Wednesday, May 1, 2024

Estate slammed with $22 million verdict can't get Allstate's records

State Court
Cm

LAKELAND, Fla. (Legal Newsline) - The estate of a woman whose car hit and paralyzed a motorcyclist can’t get personnel records and other documents from Allstate Insurance to prove its case the insurer rejected settlement offers in bad faith. After lawyers for the motorcyclist couldn’t reach agreement within the woman’s insurance limits, they took the case to trial and won a $44 million jury verdict.

The court later reduced the verdict to $21.9 million – binding the estate of the driver, Deborah L. Veillueux, to pay -- in an agreement with Allstate to avoid a new trial. The Veillueux estate then sued Allstate and several of its employees for failing to settle the case and breaching their duty to defend by rejecting the opportunity for a new trial.

As part of that case, the estate’s lawyers sought the personnel files of Allstate employees involved in the accident claim and documents revealing the “goals, strategies, objectives, performance metrics or business targets” for the insurer’s claims department. A trial judge ordered Allstate to produce the documents, redacted to eliminate Social Security numbers, drug test results and personal financial and health information.

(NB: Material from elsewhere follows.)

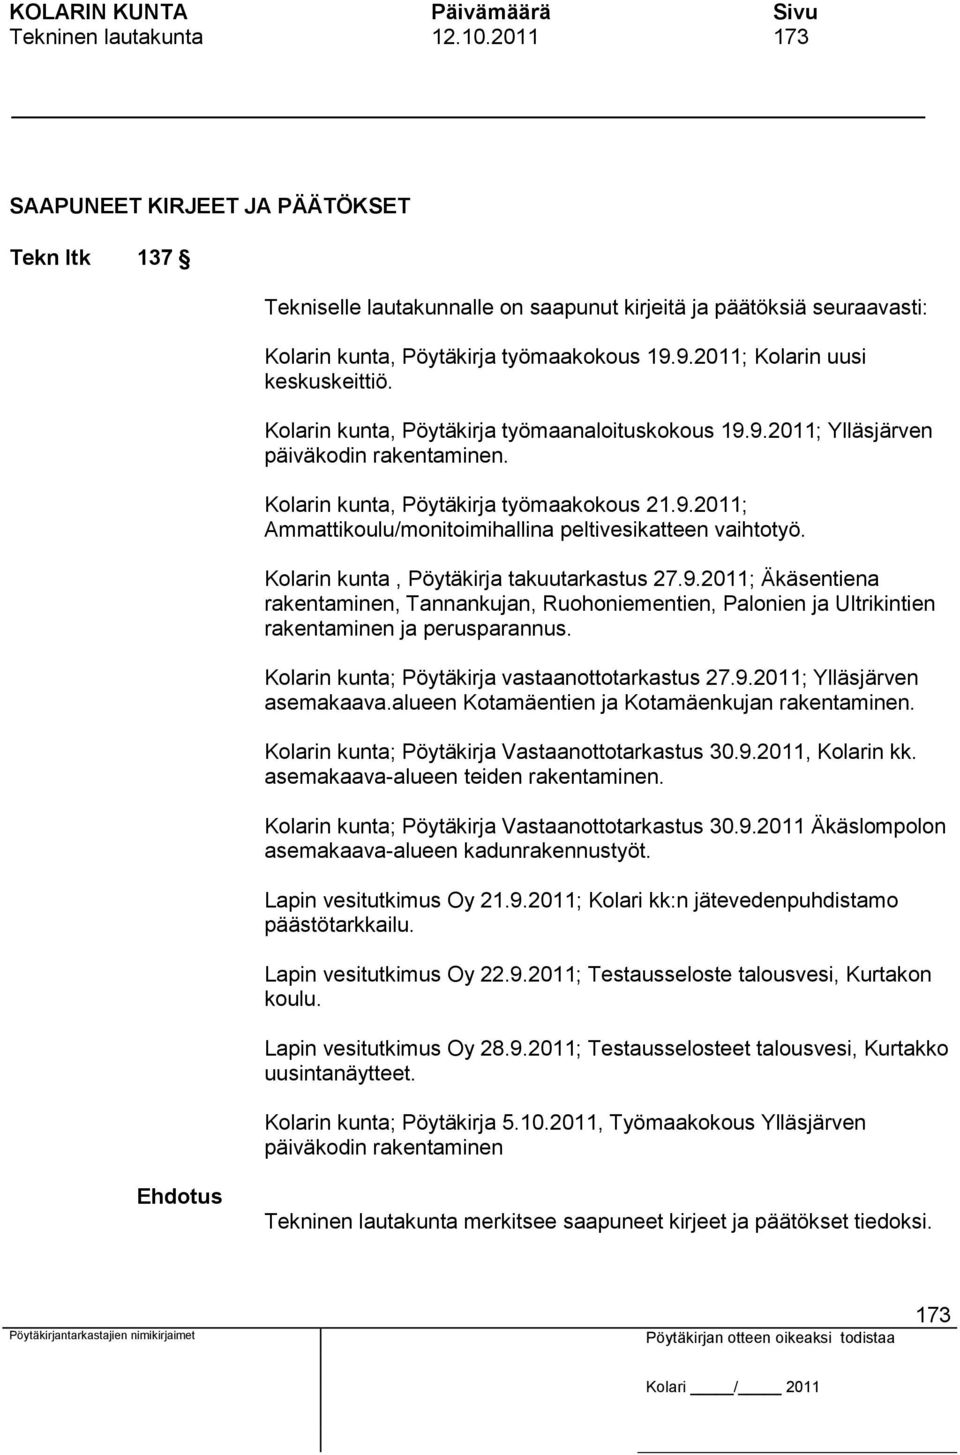 Kolarin kunta, Pöytäkirja takuutarkastus 27.9.2011; Äkäsentiena rakentaminen, Tannankujan, Ruohoniementien, Palonien ja Ultrikintien rakentaminen ja perusparannus.

Allstate appealed, seeking a mandamus order to quash the document request. And Florida’s Second District Court of Appeal, in a Sept. 30 decision, agreed the trial judge went too far. 

“The trial court departed from the essential requirements of the law by compelling production of documents from the personnel files without conducting an in-camera review,” the appeals court ruled. 

“While the Estate's discovery requests in this case stop short of seeking wholesale production of the personnel files, they still encompass numerous categories of potentially irrelevant information which, if disclosed, could jeopardize the employees' privacy interests.”

The lower court also erred by ordering Allstate to turn over documents that might be protected under the attorney-client privilege, the appeals court said.